# Description of the task
Please print, exactly as written, the line containing "Online játékok: Pedro" and each line after it through the end of the material; pictures stay out.

# The data

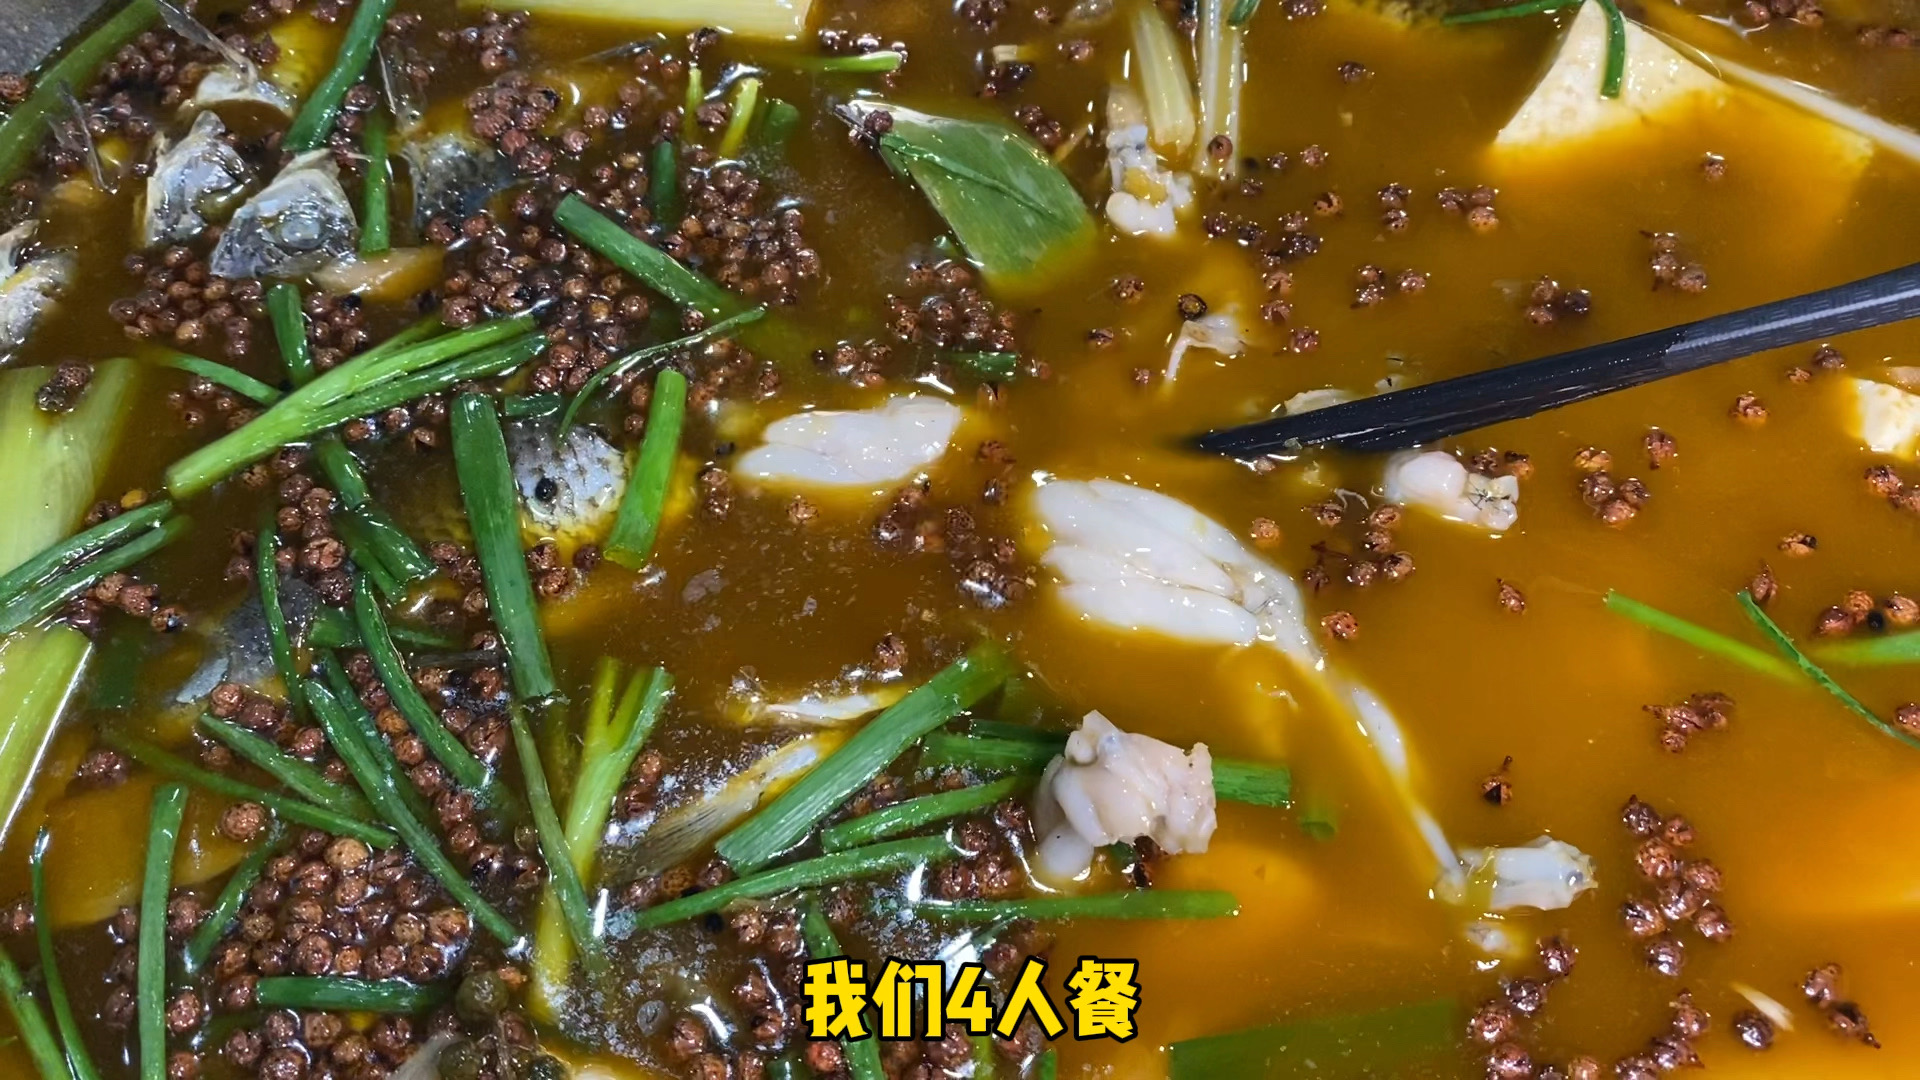 在重庆江北区也可以吃到正宗泡椒土鲫鱼了
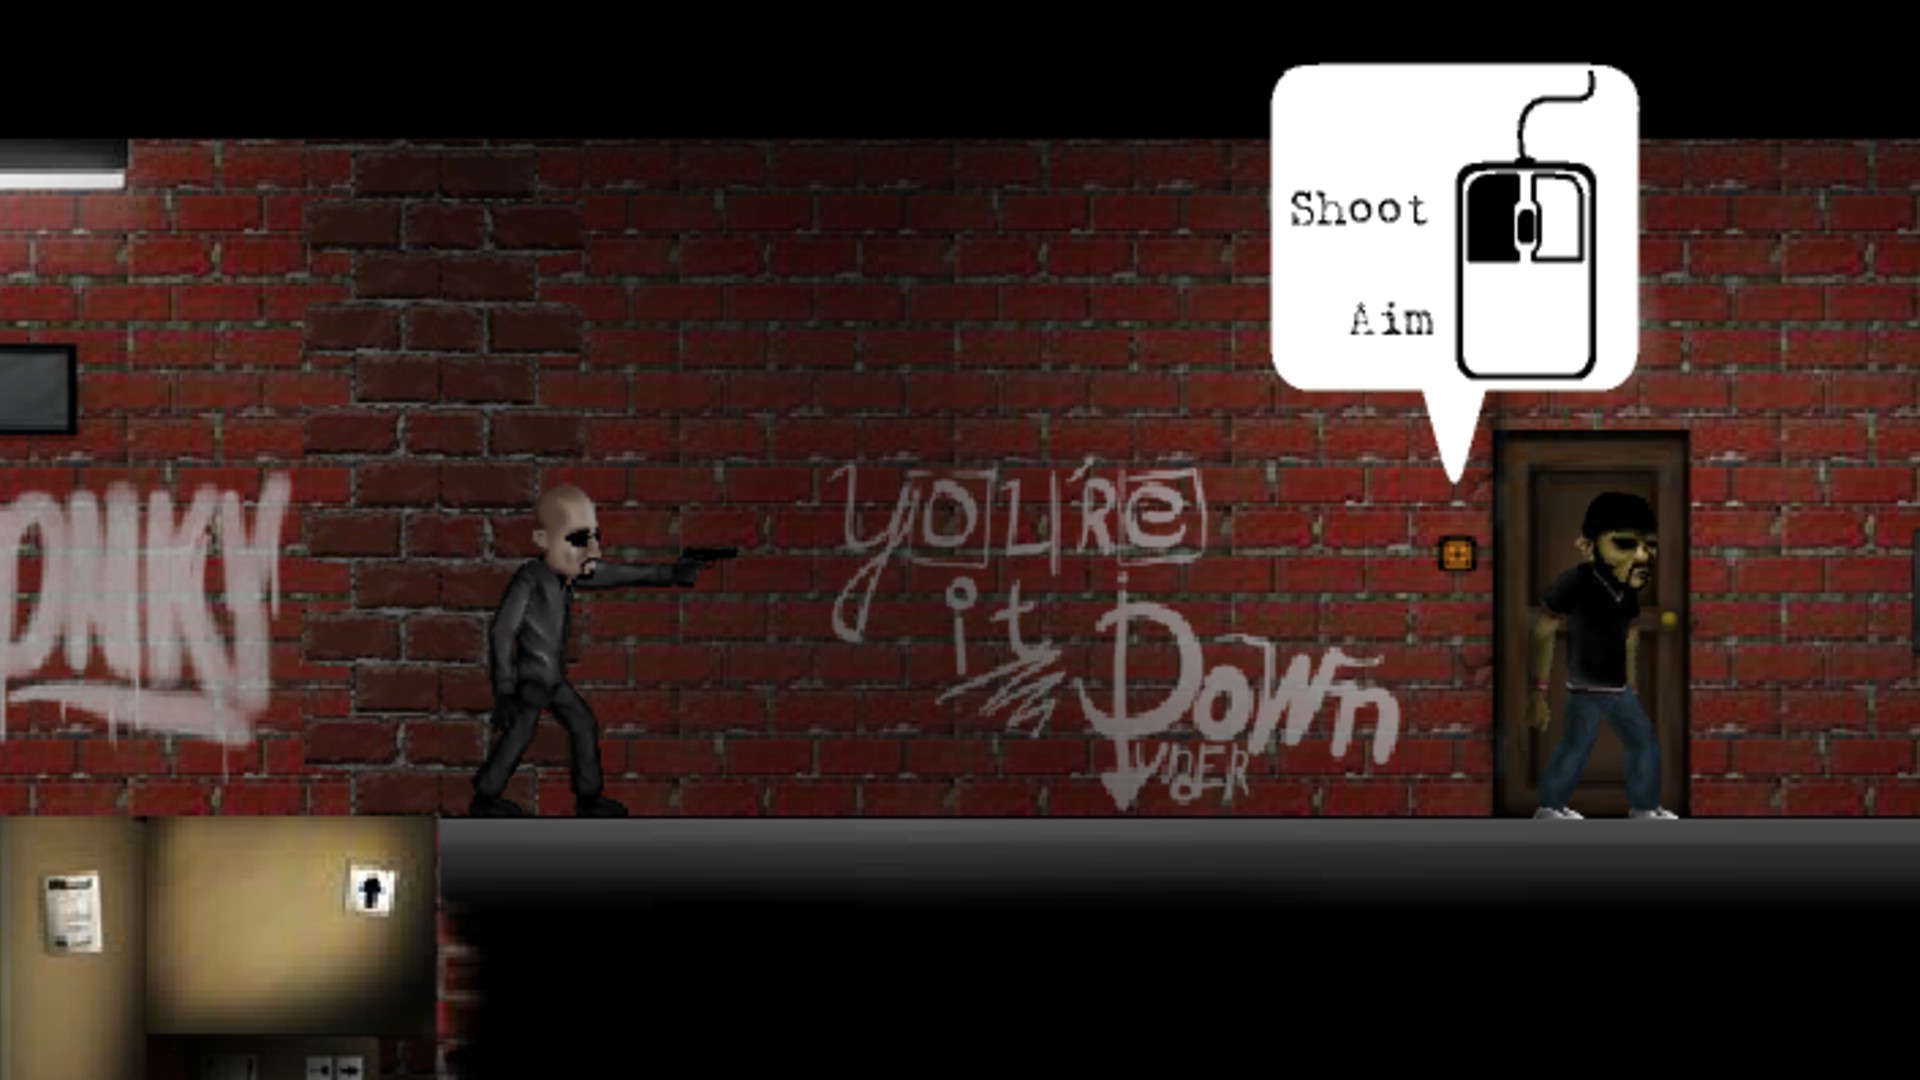 Online játékok: Pedro barátom. A kép azt mutatja, hogy egy karakter felkészül arra, hogy valakit az utcán lőjön
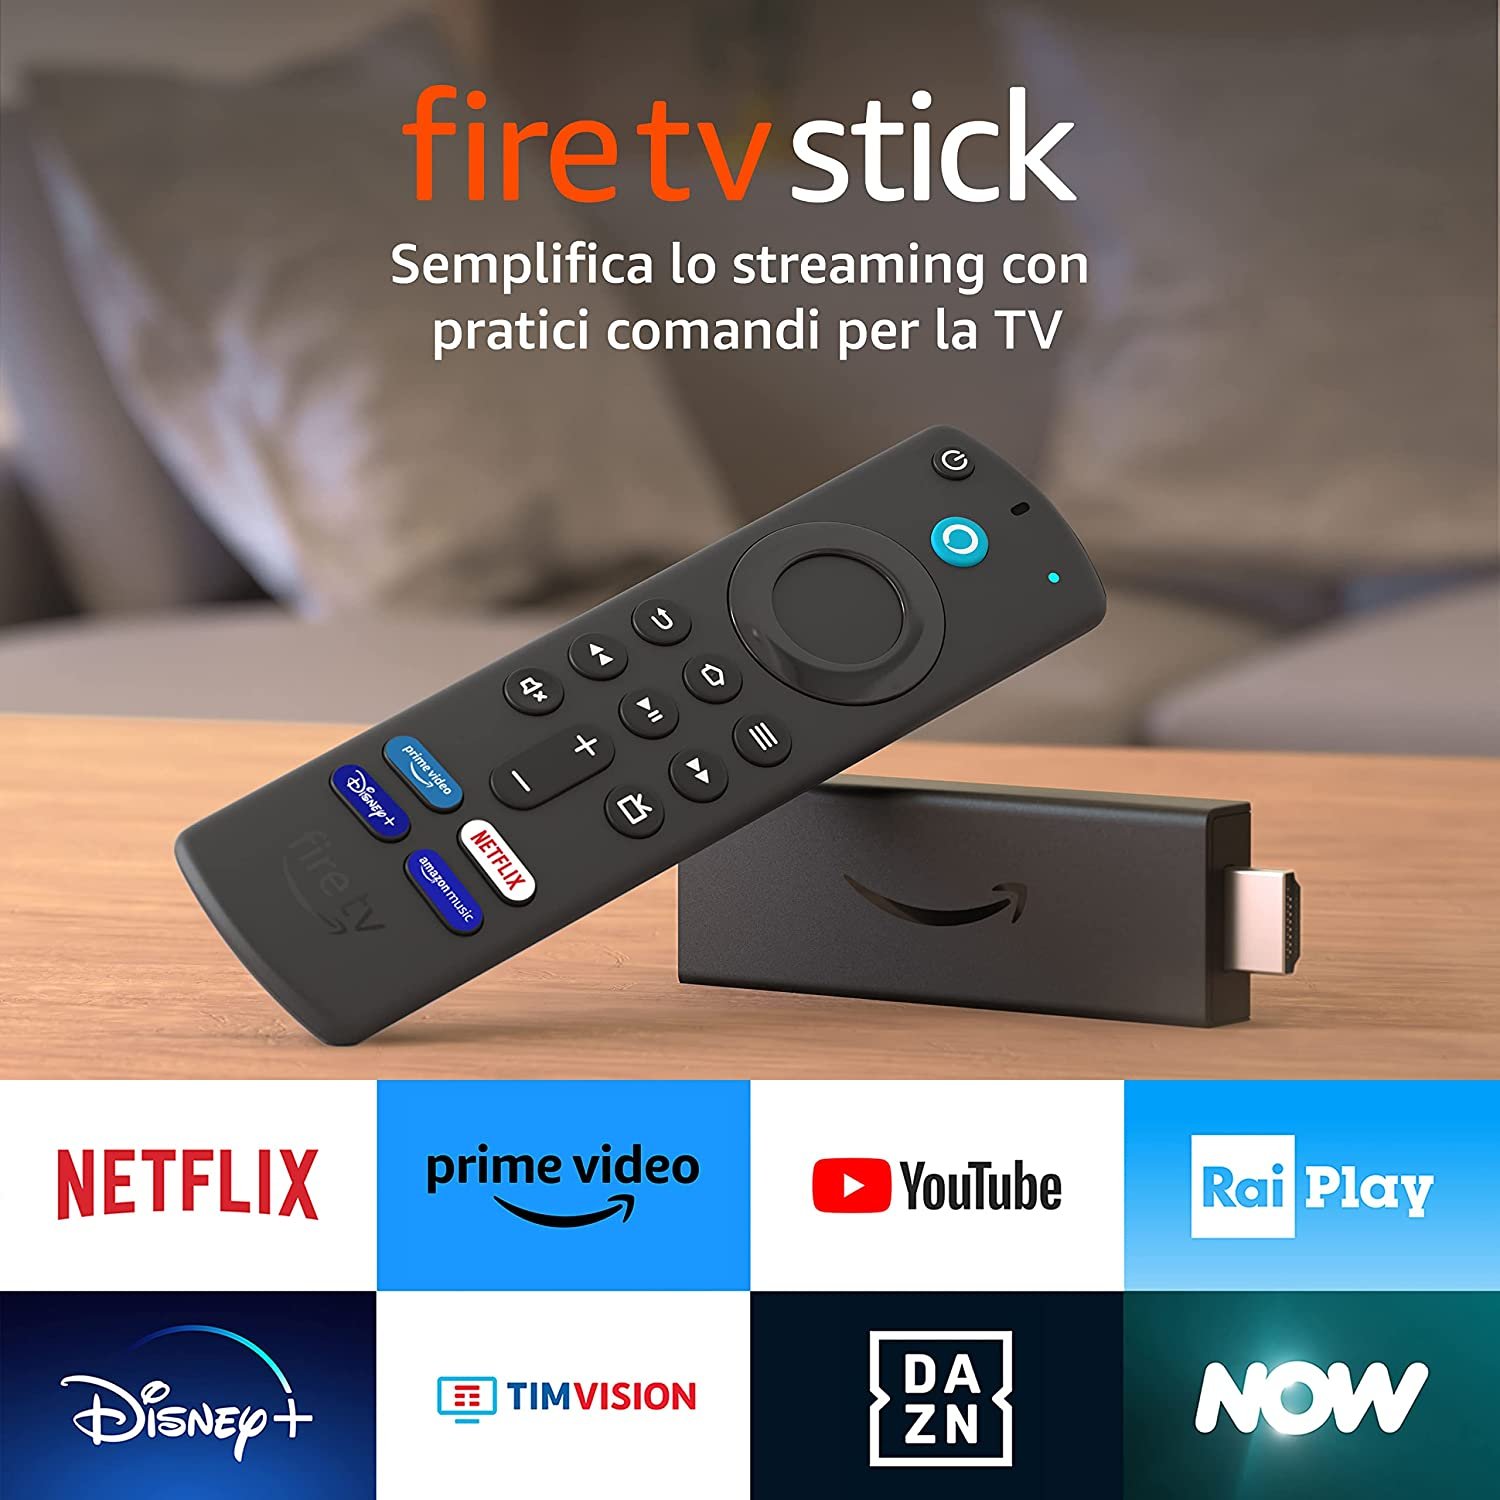 In offerta il nuovo Fire TV Stick di Amazon a soli 24,99 euro

# Written solution
 Online játékok: Pedro barátom. A kép azt mutatja, hogy egy karakter felkészül arra, hogy valakit az utcán lőjön
 In offerta il nuovo Fire TV Stick di Amazon a soli 24,99 euro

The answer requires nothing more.